Many of the covers are R&B standards in the first place, though, and cannot be transformed too deeply — ʽIn The Midnight Hourʼ, ʽI Feel Goodʼ — so, in the end, it is still more intriguing and curious to look at Billy handle the other stuff. If ʽSatisfactionʼ rolls along like a merry dance groove, then ʽA Hard Day's Nightʼ, on the other hand, gets slowed down and played in almost dirge-like fashion, which is only logical, if you ask me: this is the kind of rhythm that would be more appropriate for someone who has just had «a hard day's night», «working like a dog». Yes, it's sort of sad that the song loses energy, spirit, catchiness, memorability, and every other reason to exist in the process — but nice, logical, reasonable try anyway.

On a final note, beware of ʽFree Funkʼ: despite the title, this is really a slow soul ballad, «freely» quoting from ʽGeorgia On My Mindʼ and something else that I do not recognize. Not that the word «funk» had a straight, unambiguous musical meaning in early 1966, of course, but even back then, it would probably be associated with something carnal and sexy rather than a slow moving, spiritually-oriented soul groove. Maybe the record people accidentally switched the title with ʽIt's Got To Happenʼ — since both are original non-hit compositions, who would be giving a damn anyway?

Overall, if you only want to have one album of Billy Preston instrumentals, this might just as well be it, or just about any other one would do (I would still lean towards 16 Yr. Old Soul — back then, at least, this formula was still fresh and far away from being run into the ground). A year later, Billy would follow it with Club Meeting, another similar «experiment» that hardly merits its own review (the two LPs have been reissued on a single CD in recent years), except for a brief mention that it does have a few vocal parts, the first real Billy Preston singing on a Billy Preston album. He also does ʽSunnyʼ and ʽSummertimeʼ. (I bet you're already as thrilled as I am).

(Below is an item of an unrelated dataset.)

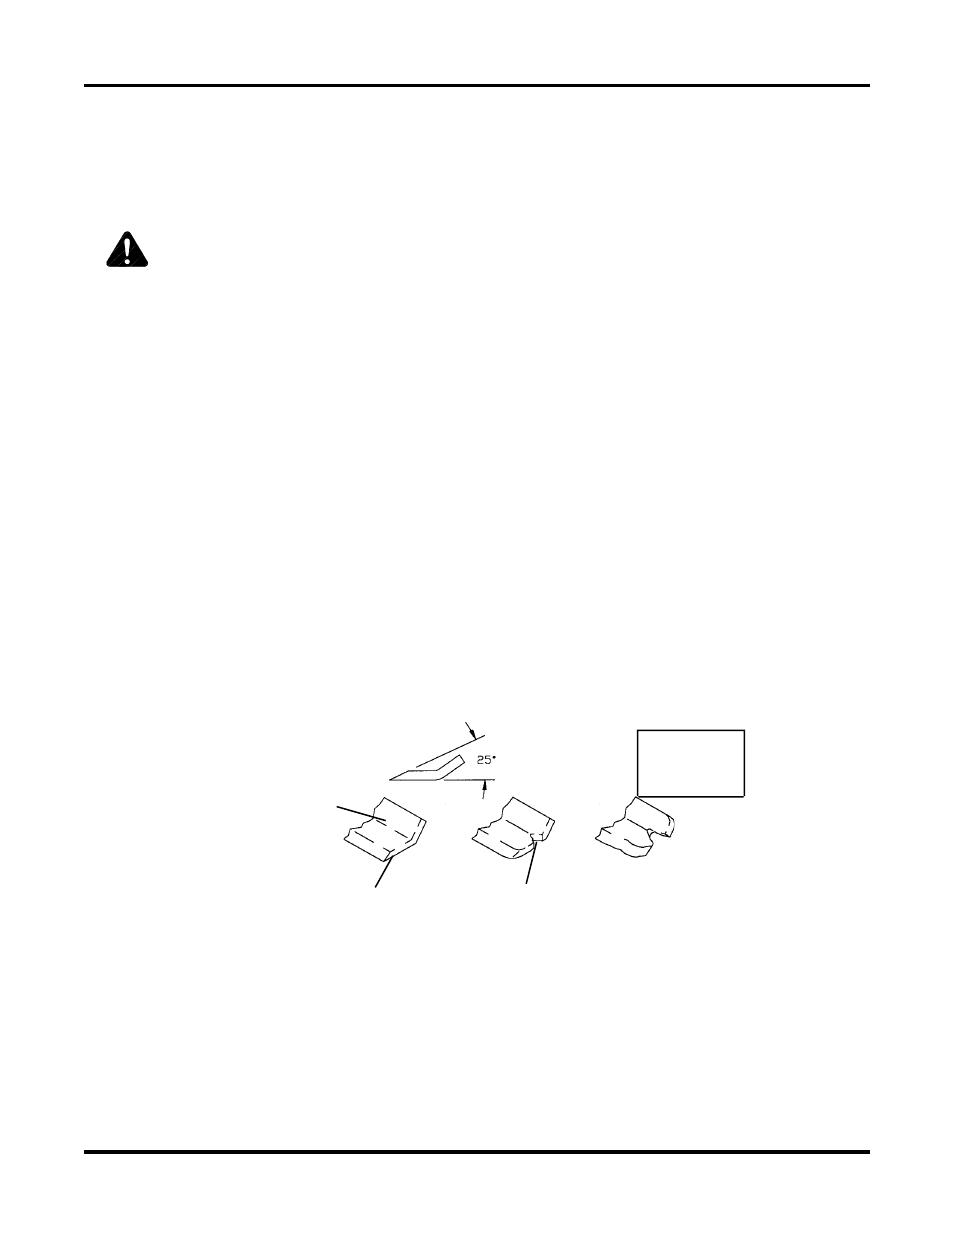 Care and maintenance, Mower blades, V-belts   Caution   Dixon ZTR 7025

It is a little sad, actually, that in the end, Billy had to spend most of the century's greatest musical decade in such a state of skepticism over his own abilities — the years to come would prove that he had much more to offer the world than credible, mildly imaginative organ reworkings of other people's ideas. Who knows, maybe if he had spent those «magic years» honing his individuality and creativity in more aspects than one, he could have grown into a major star of the business. Then again, idle speculation on the subject is none of our business, either. Simple fact is — early Billy Preston is best enjoyed in a minimal dosage. One LP only, or, better still, a self-made com­pilation. Preferably without ʽGoldfingerʼ on it.